The government’s own overview suggested that fewer than half of organisations filed accompanying narratives (of variable quality, some simply restating the headline data). The EHRC’s analysis of a sample of gender pay gap reports found that only around half provided explanations of the data, as the regulations require, and only around 20% reported on actions to address gender pay gaps. The accompanying narratives are important, both internally in order to allow organisations to understand the reasons for pay gaps and measure progress against their own benchmarks, and externally, to increase knowledge about the types of action that are likely to support change.
In many ways foot-dragging by some businesses is to be expected, and is part of the wider process of change. The statutory regulations were introduced precisely because voluntary self-regulation by businesses in the 2011 ‘Think, Act, Report’ initiative had signally failed to show measurable change. The government’s approach is to use the regulatory duties as a way of incentivising a longer-term cultural shift and to support employers in making organisational changes through information. This deeper change could take up to five years, it is thought.
Without strong and sustained pressure, however, risks of inertia and incentives for backsliding are likely to grow. In 2018, the parliamentary Business, Energy and Industrial Strategy committee urged the government to be ‘more ambitious’ in pushing businesses to do more to tackle gender pay gaps, and to extend the remit of regulations to cover smaller businesses. Recommendations included more detailed requirements for reporting, including information on race and ethnicity pay gaps, and data on pay for full-time and part-time employees. However, after consultation, the government rejected these recommendations, arguing that they would impose costs on business and that information could be unreliable because of the small size of the dataset. It also ruled out inclusion of senior partners’ and directors’ pay in reporting, arguing that these are composed of performance-related bonuses rather than pay. Consultation on requirements for businesses to report on race and ethnicity pay gaps, which have been found to be significant based on the available evidence so far, are currently under way, but fears have been expressed that proposals may be quietly shelved.

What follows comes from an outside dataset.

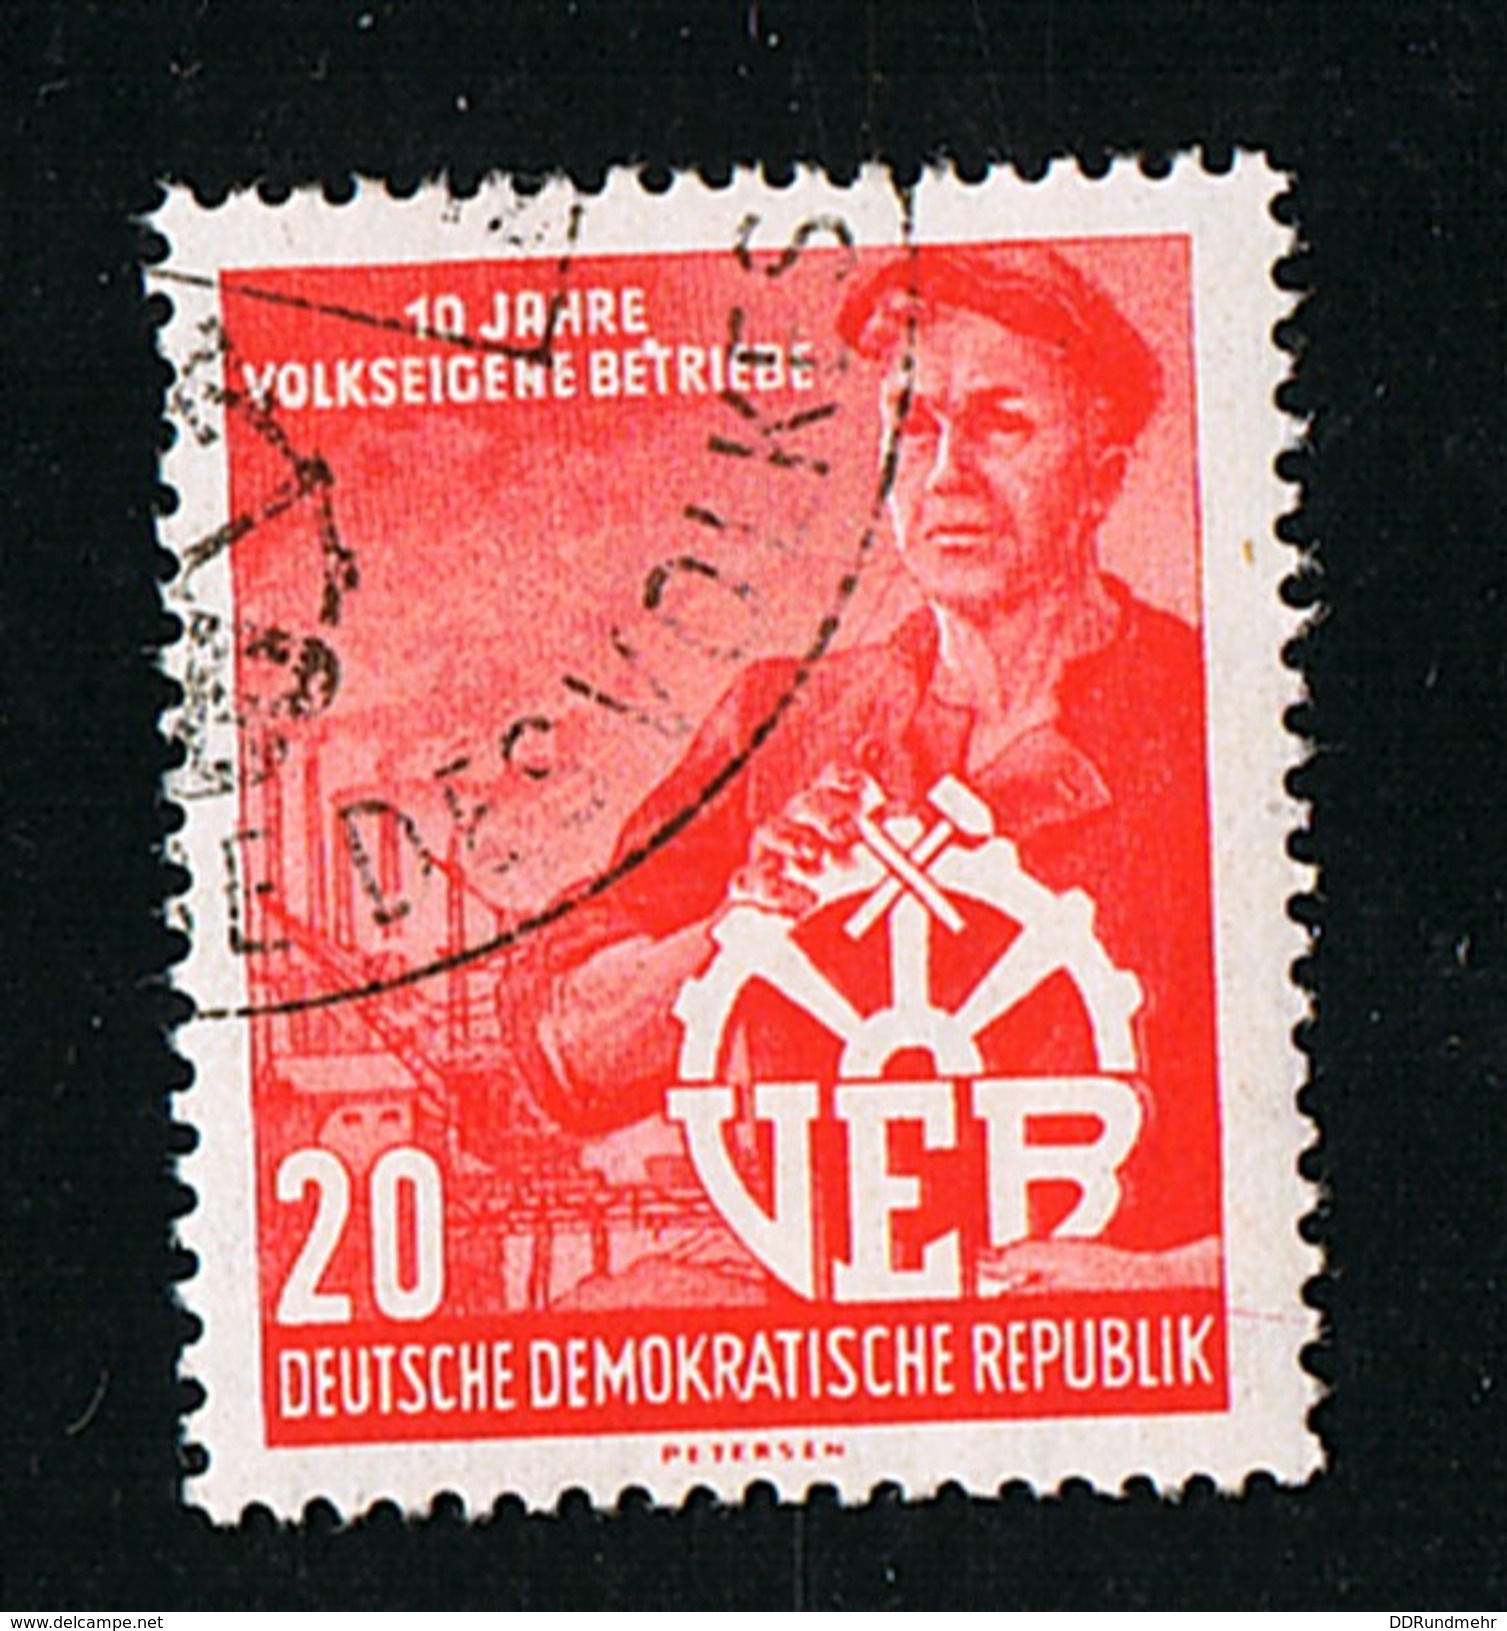 1956 10 Jahre Volkseigene Betriebe Michel 527 YII Sehr Seltenes Wasserzeichen - Abarten

The 2016 regulations marked an important shift in the way government deals with gender pay gaps, and sparked a welcome increase in transparency, awareness and discussion. This shift came about as a result of many years of activism and evidence-gathering about what works. So far, the first round of reporting has led to some shocking revelations which will put pressure on employers to measure gaps accurately and act on them. But the agenda for change needs to be broadened as well as deepened. Although the gender pay gap for full-time employees continues to fall, the pace of change is slow and the gap is still higher than the European or OECD average. Moreover, labour market changes mean that more and more women are trapped in low-paid, low-hours employment, resulting in a persistent pay gap when part-time work is included. Further pressure will be needed to keep pay inequalities in the public spotlight.
This blog was originally posted via LSE British Politics and Policy on 8 March 2019.